KZN chief justice Patel may face JSC

2014-10-24 00:00

KWAZULU-NATAL Judge President Chiman Patel — charged with crimen injuria — may face a Judicial Services Commission probe if convicted.

Patel, who occupies the highest office of the judiciary in the province, has been accused of swearing at a clerk in his chambers.

The clerk registered a case with the police and, after an investigation, the docket was sent to the National Prosecuting Authority.

Prosecutions boss Moipone Noko opted to go ahead with the prosecution, which will see Patel appearing in court next month.

Patel has gone to ground, after publicly denying the allegation.

“If this is regarding the article that appeared in the paper, I suggest you contact the chief justice. I have no comment on this matter,” he said.

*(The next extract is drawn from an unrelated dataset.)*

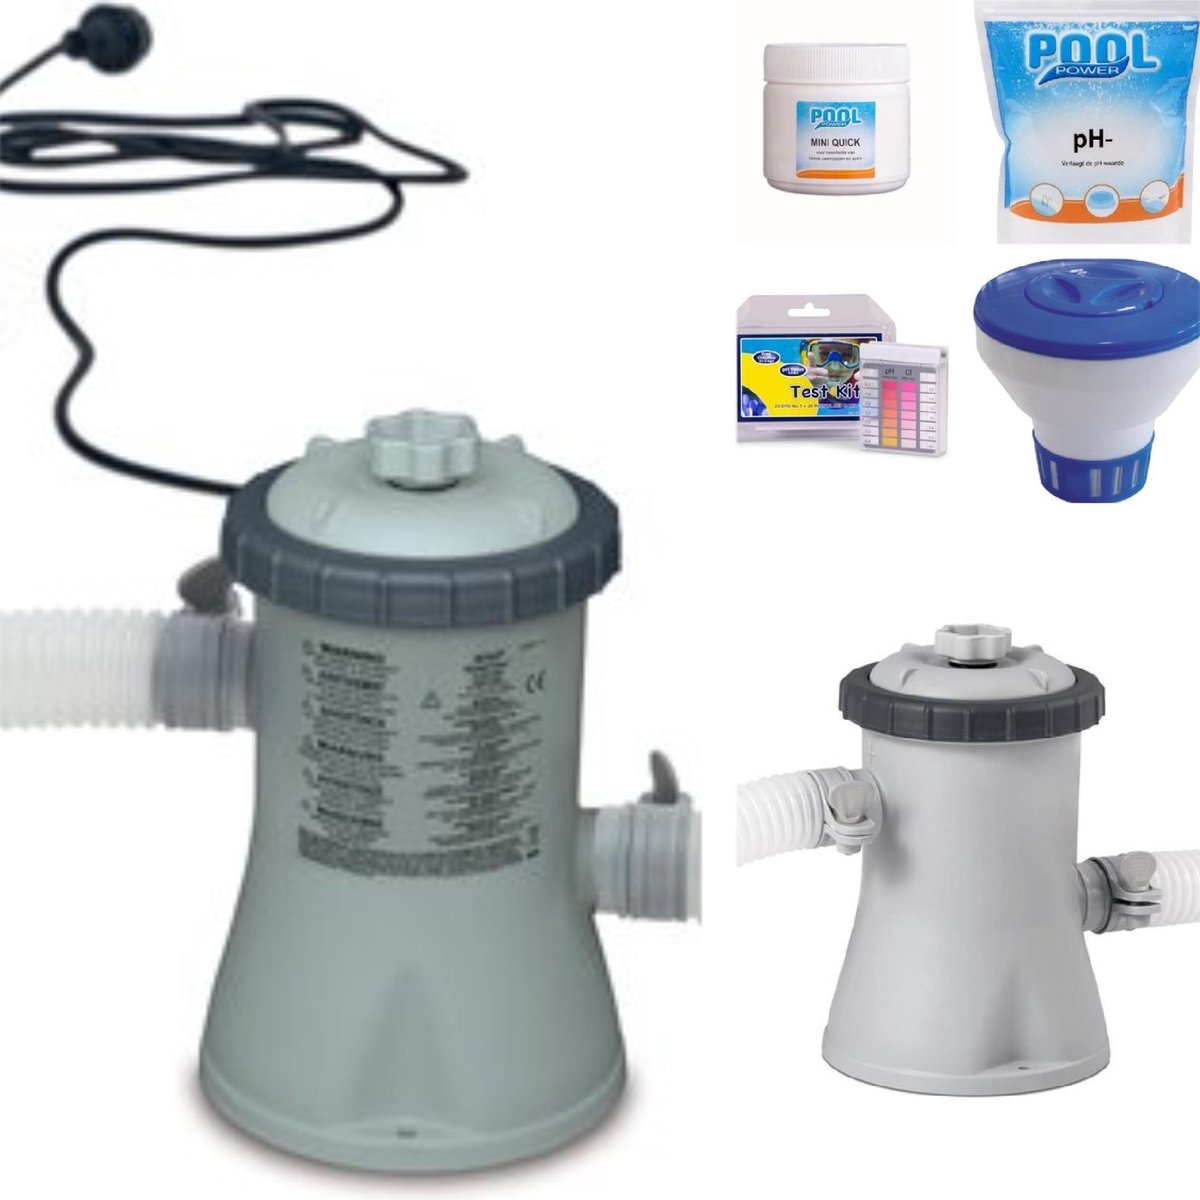 Intex Zwembad Filterpomp 12V - 1250 L/uur - Zwembad onderhoud reiniging Starterset mini Pool Power - pH- - Mini Quick chloor - Test Kit - Chloordrijver
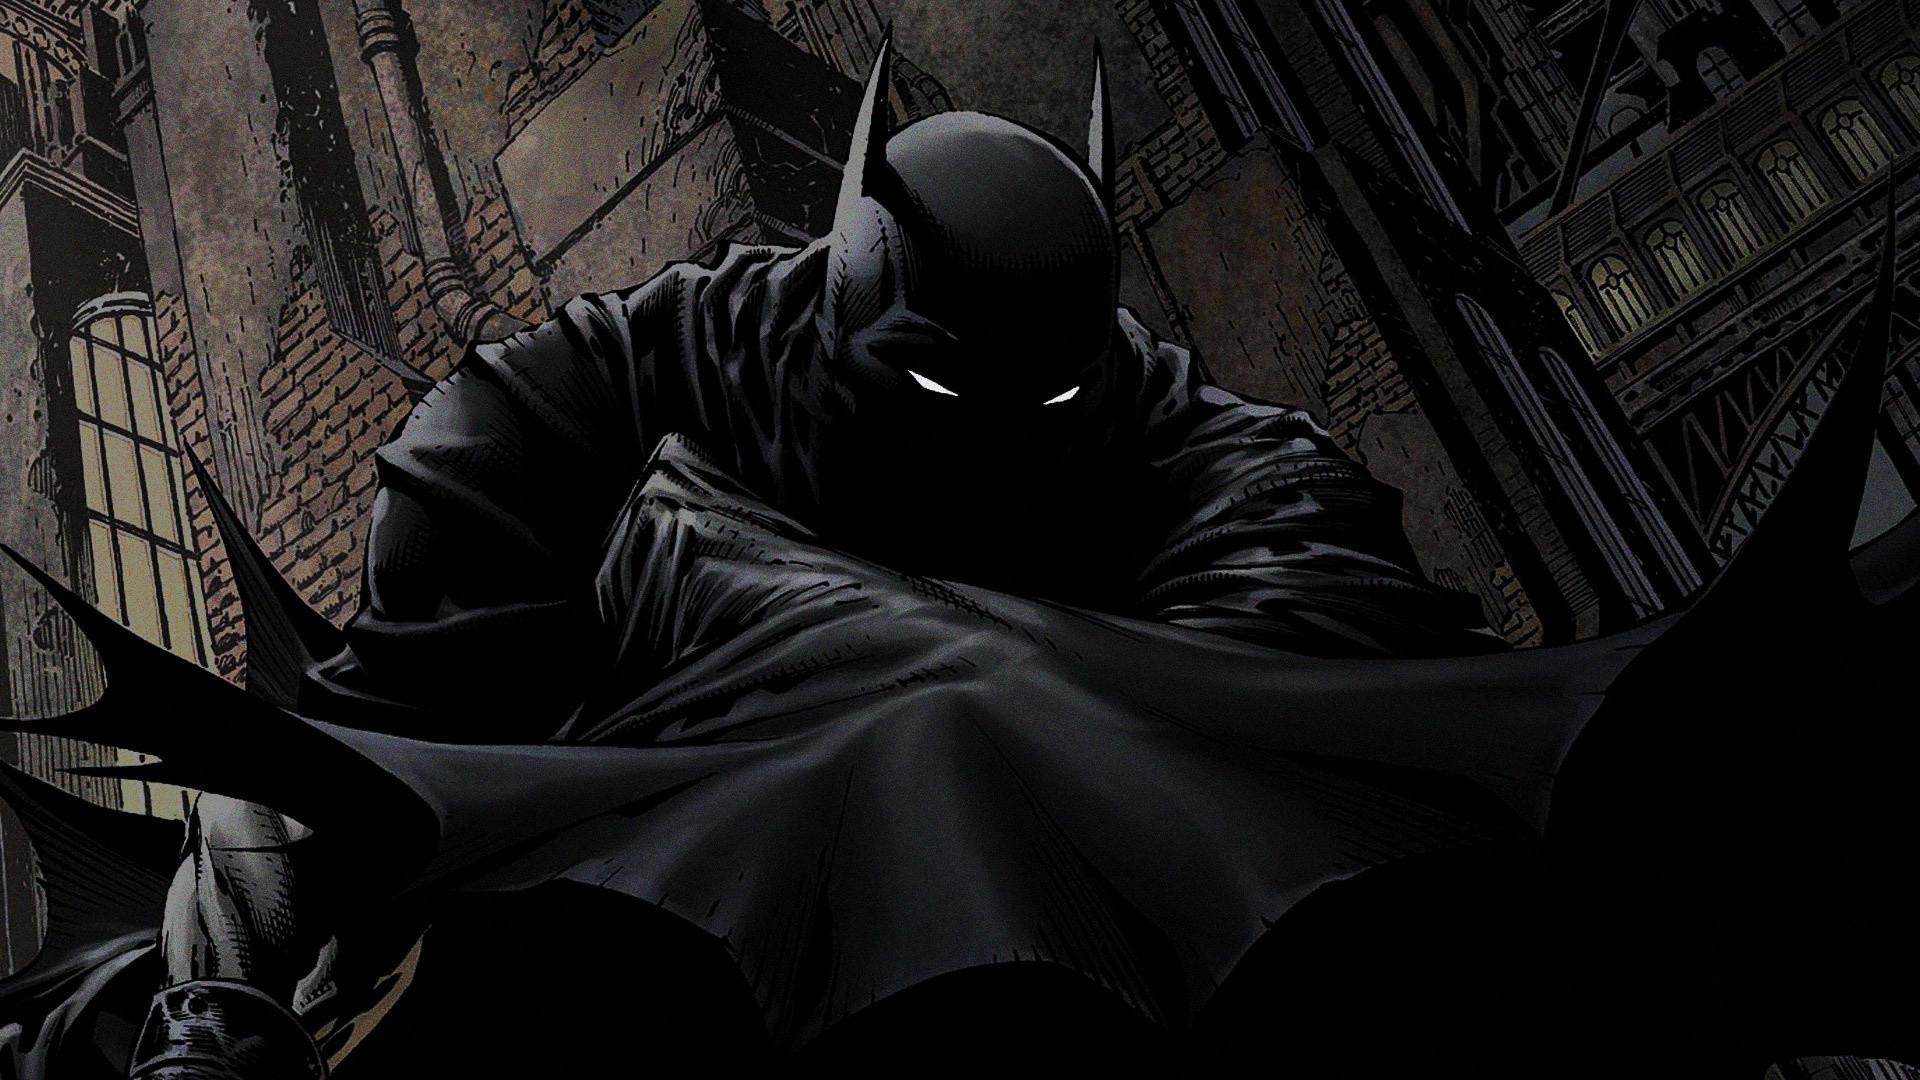 Batman and Joker Wallpaper for Desktop (21)

NPA spokesperson Nathi Mncube confirmed that Noko had taken the decision after applying her mind.

He said that the charge would have no bearing on the independence of the judiciary, reinforcing the principle of equality before the law.

“This will not impact the judiciary. It is simply a criminal charge against one individual not the entire judiciary,” he said.

Criminal law expert William Booth said that those in power were also accountable before the law.

“If there is a legitimate criminal complaint against anyone, in terms of our democracy and Constitution, they could be charged. I am not aware of all the facts in this matter, so I say that in light of the fact that our president was prosecuted and acquitted,” he said.

“Victims need to feel that any legitimate complaint will be pursued by the NPA and that is important. The NPA must decide if there is evidence which may justify a successful prosecution. If there is none then there is no case,” Booth said.

“It all depends on evidence in the docket. Patel has a right to submit representations calling on the NPA to reconsider their decision and they may decide to deal with it in another way — through mediation without a criminal charge.”

Booth said that Patel could face investigation by the Judicial Services Commission.

“It could impact on the position that he holds because a complaint might be laid with the JSC and an inquiry could follow,” he said.

JSC secretary Sello Chiloane said that no complaint had been laid.

“The JSC has not received any complaint of crimen injuria against Judge President Patel.”